Если кто-то по его хрипатому голосу вдруг не понял, шутит он или нет, то прищуренные взгляд с сеточкой морщин в уголках глаза, напоминавших при свете дня пару капель расплавленной стали, объяснял тебе всё с предельной ясностью. И от того твоя душа стремилась заползти в пятки или куда подальше.
Молчание в их тесном кружке, повисшее среди разносящегося по округе шума стройки, длилось и длилось, становясь невыносимым. Догвиль ждал ответа.
– Да, собственно, ничего важного мы не обсуждаем, господин-сотник, – выдавил из себя Юлиан. Красноречие оставило его столь же резко, как нахлынуло. И к тому же ужасно захотелось чихнуть.
– Ничего важного? Так какой Бездны вы тут расселись! – взорвался Догвиль, брызжа слюной из перекошенного рта. – В то время как ваши товарищи честно работают, вы, дармоеды, прохлаждаетесь в сторонке! – Он двинулся на них грозной долговязой махиной, и они попятились. – Марш работать, иначе вылетите со службы к чёртовой матери! Отправитесь обратно в своё дремучее захолустье, откуда вас выпустили по божьему недосмотру! Будите до конца жизней коровам хвосты крутить!
– Но как же… мы же… эти мешки и… – пролепетал ошарашенный случившейся несправедливостью Лопух.
Догвиль сделал к ним ещё шаг. Правая рука сжата в кулак, левая знакомым движением потянулась к рукояти меча у пояса.
– Так точно! Уже выполняем! – разом вскрикнули приятели. Спотыкаясь и не оглядываясь, едва ли ни в припрыжку, они кинулись прочь от не на шутку рассвирепевшего командира.
– Кого только в армию не набирают. Ещё на границу посылать додумываются… Штабные крысы. – Праведный гнев с трудом отпускал сотника.
Как только четверо их занятых делом сослуживцев, несущих на плечах длинное бревно (по эту сторону от Стены в ближайшей округе не росло ничего выше ракитника), освободили проход, бездари скрылись в толще угловой башни.

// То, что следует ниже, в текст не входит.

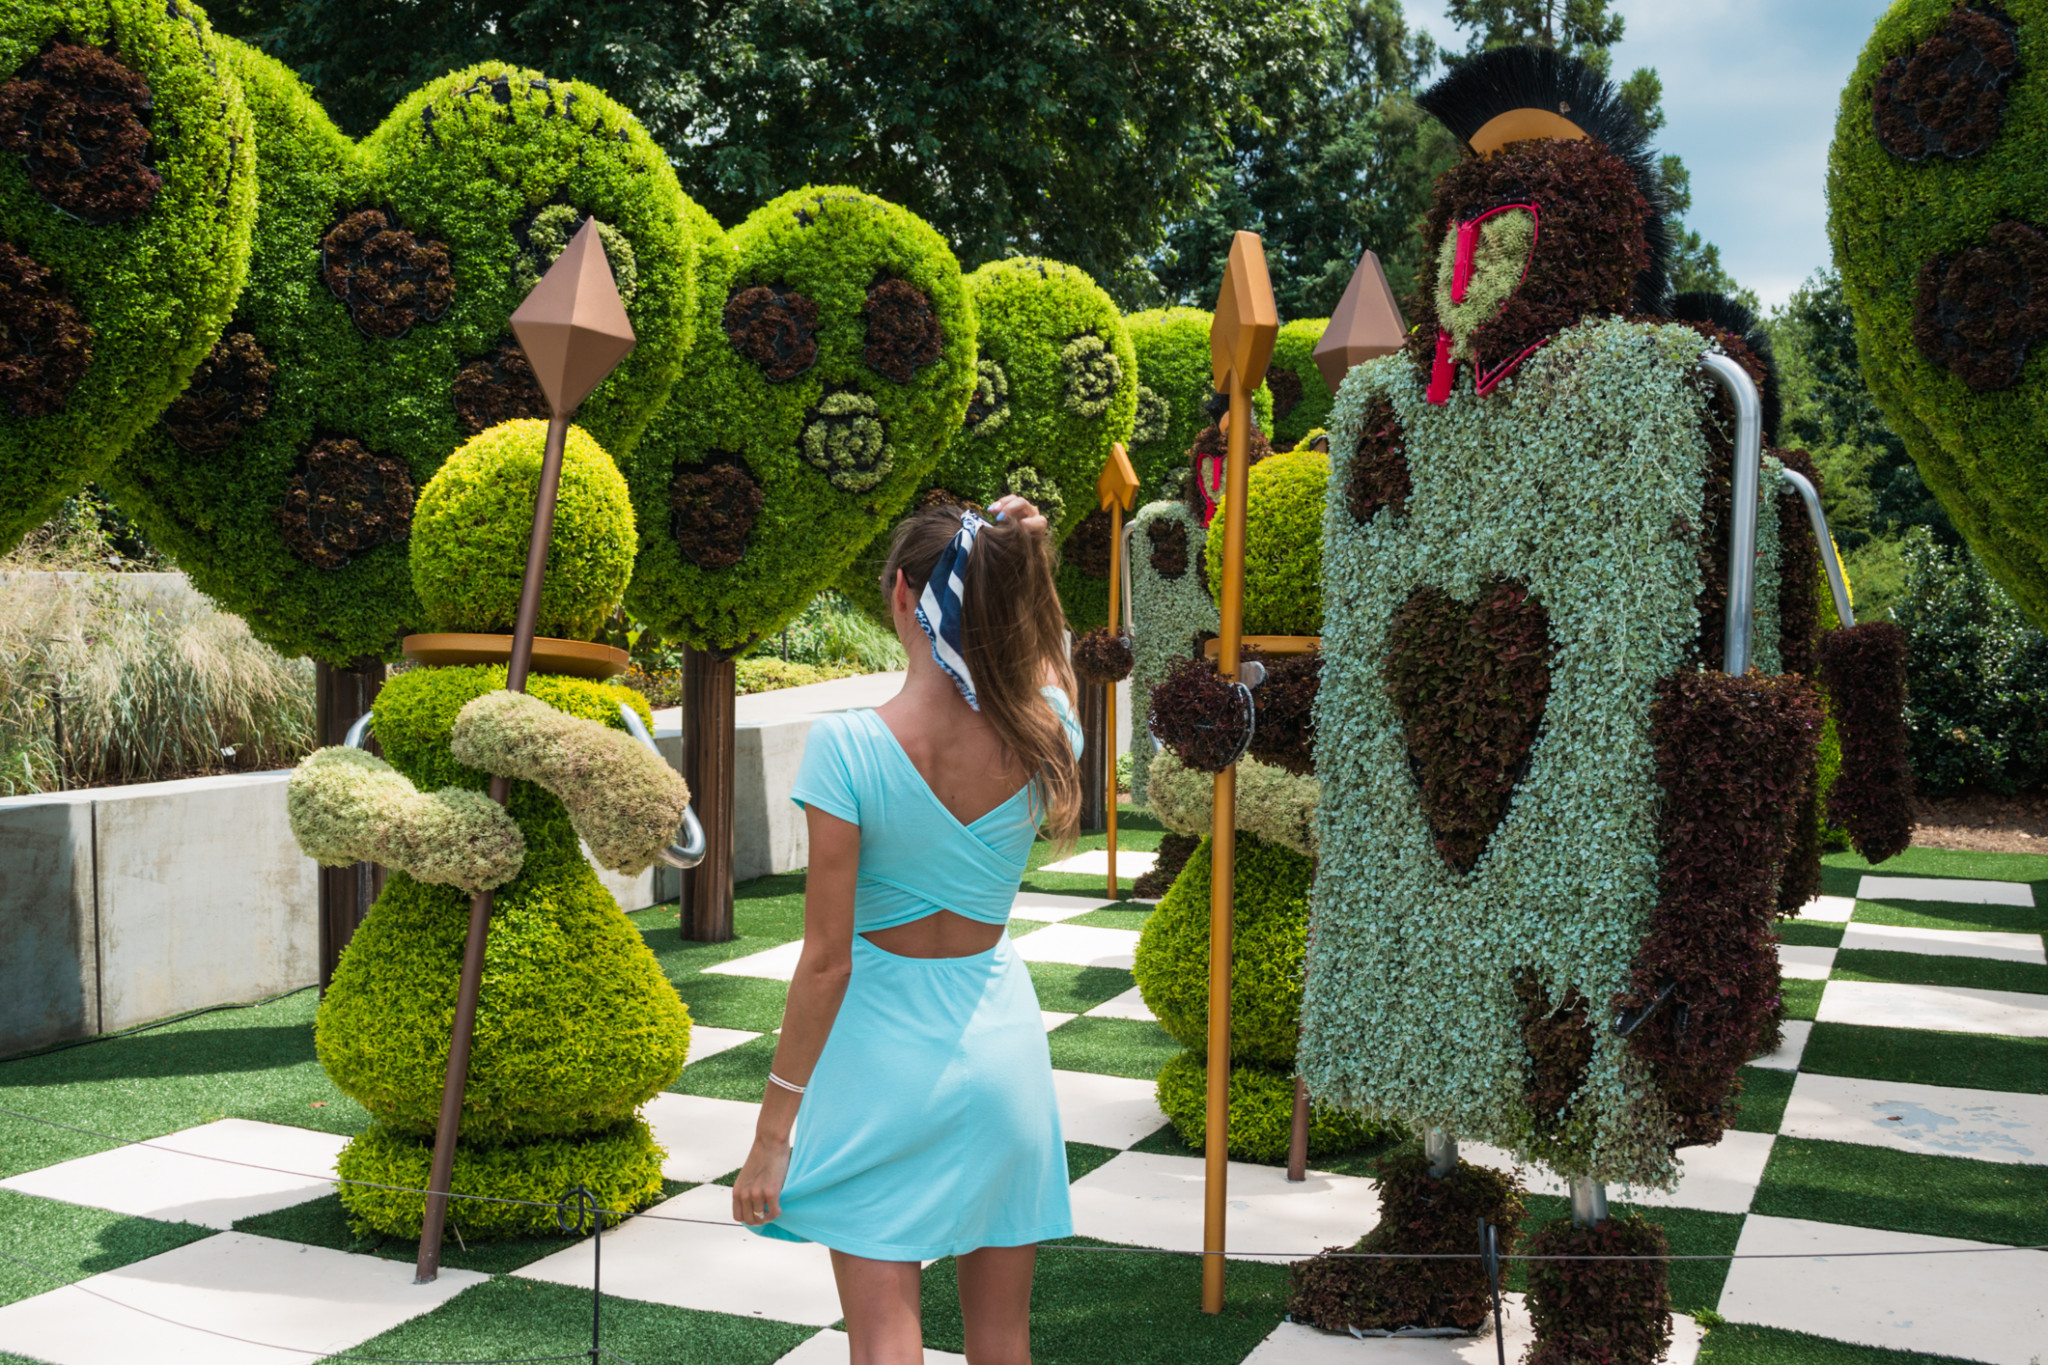 The Alice in Wonderland Gardens Exhibit • Jetset Jansen
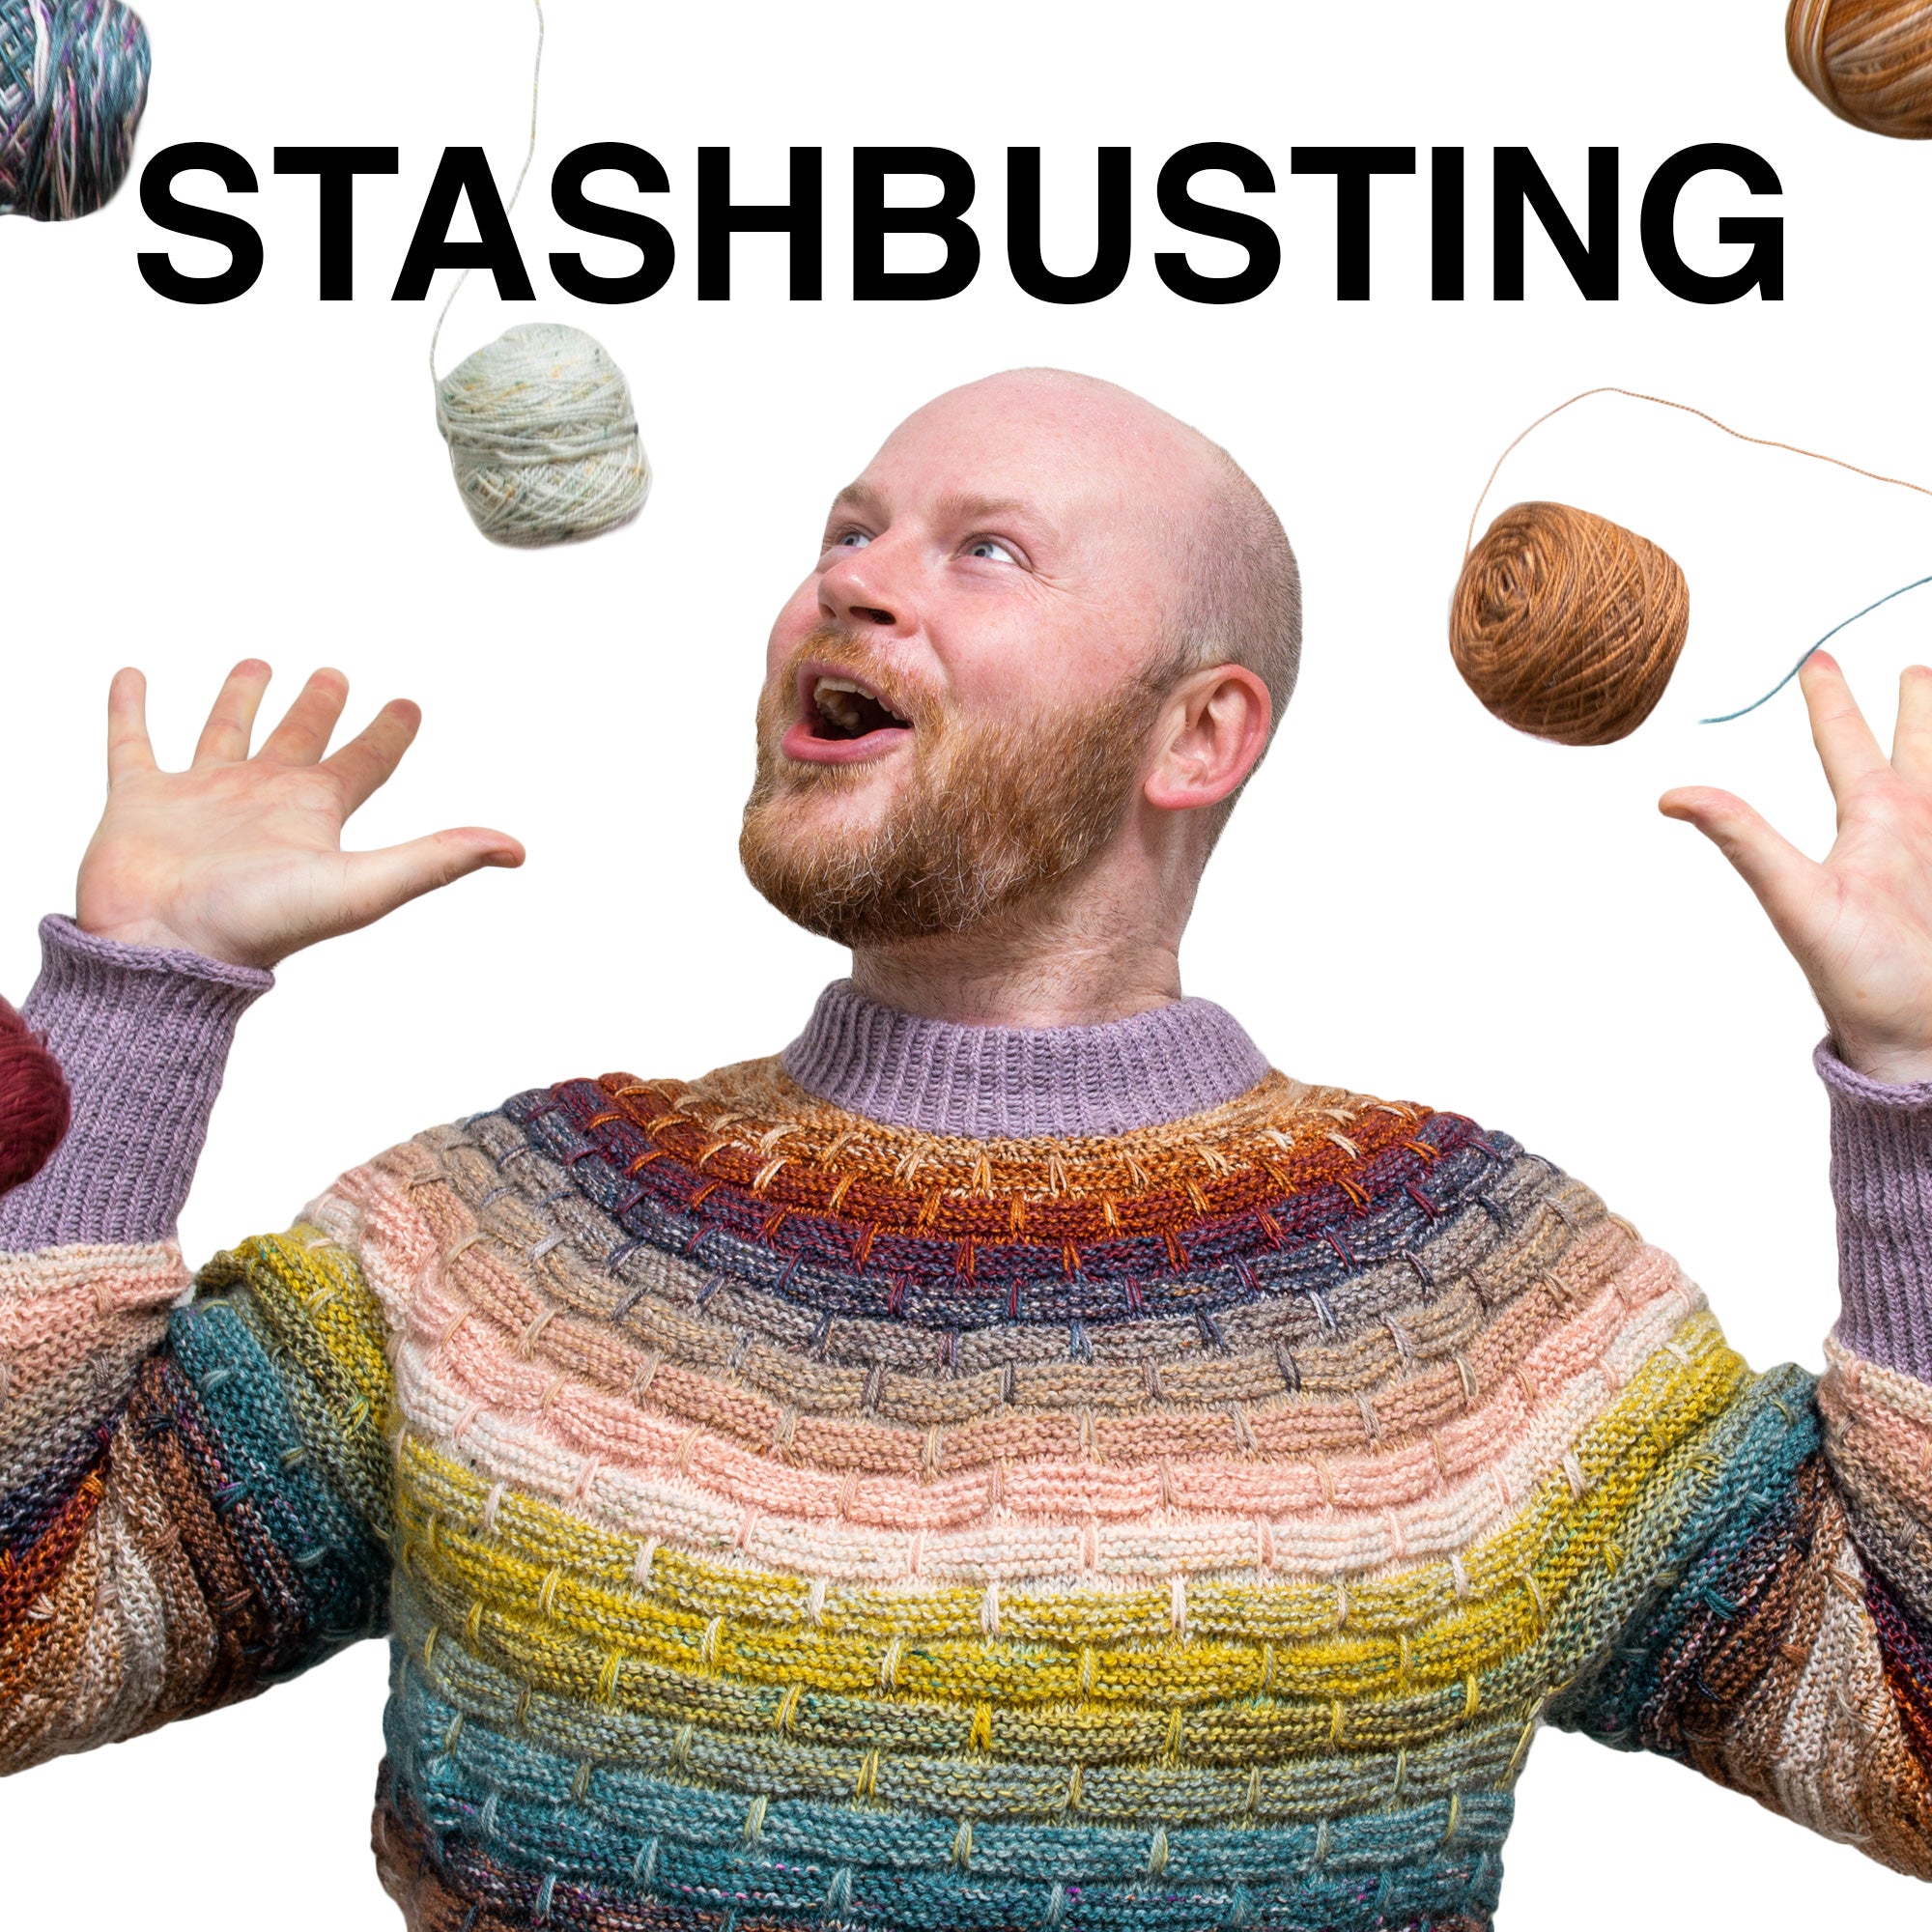 Stashbusting

Догвиль ещё некоторое время смотрел им в след, потом перевёл взгляд на строительные леса. Возле них полдюжины солдат, руководимых строителем из Бермонда, мешали в широком корыте крепёжный раствор.
– Ты куда столько раствора бухаешь, увалень тугодумный! Половина же расплещется, пока его подымут. – Все стражники, а с ними и городской мужик, хотя его-то подобный окрик никак не должен был касаться, испуганно воззрились на сотника. Догвиль же обращался лишь к тому из них, кто перекладывал лопатой раствор из корыта в меньшую бадейку. – А ну, подошёл ко мне. Бегом!
Через два дня к вечеру Великая Стена залатала-таки полученную прореху. Теперь на фоне прежней обшарпанной кладки красовалась новая ярко-серая заплатка, навеки отметившая место несостоявшегося прорыва.
Как ни странно, Догвиль остался вполне доволен проделанной работой. Сотник ограничился лишь недолгой речью об упадке нравственности и уважения ко всему великому в современной армии, кои следует безжалостно перевоспитывать (здесь Юлиан невольно вскинул бровь), после чего солдаты, а с ними и наёмные строители были отпущены «по домам». Умученные стражники тогда еле дотащились до бани отмываться.
* * *
Общее погребение состоялось ещё накануне. На кладбище, что у берёзовой рощи, собрался весь город. После молитвы местного храмовика по стариковски подтянутый комендант в безупречно сидящем на его субтильной фигуре мундире, как и положено, пусть только на эту церемонию, опоясанный мечом, произнёс хорошую речь о «храбрости и доблести». Гарнизон, выстроенный в ровные шеренги, внимая в молчание. Шесть обёрнутых в саваны тел были опущены в шесть вырытых рядком могил и быстро засыпали под пасмурным, того и гляди, готовым вновь разрыдаться небом. Потом женщины возложили на холмики свежей земли цветы.
– Юлик.
– Ум…
– Юлик.
– А? Что случилось?!
– Ничего не случилось. Я спрашиваю: ты спишь?
Возня под одеялом, сердитое ворчание:
– Уснёшь тут. Опять гуляете! Шуму от вас, как… Постой-ка…
Лопух лежал, подложив под щёку ладонь, и смотрел, как на соседней койке вновь завозились. Наконец из-под одеяла высунулась растрёпанная шевелюра.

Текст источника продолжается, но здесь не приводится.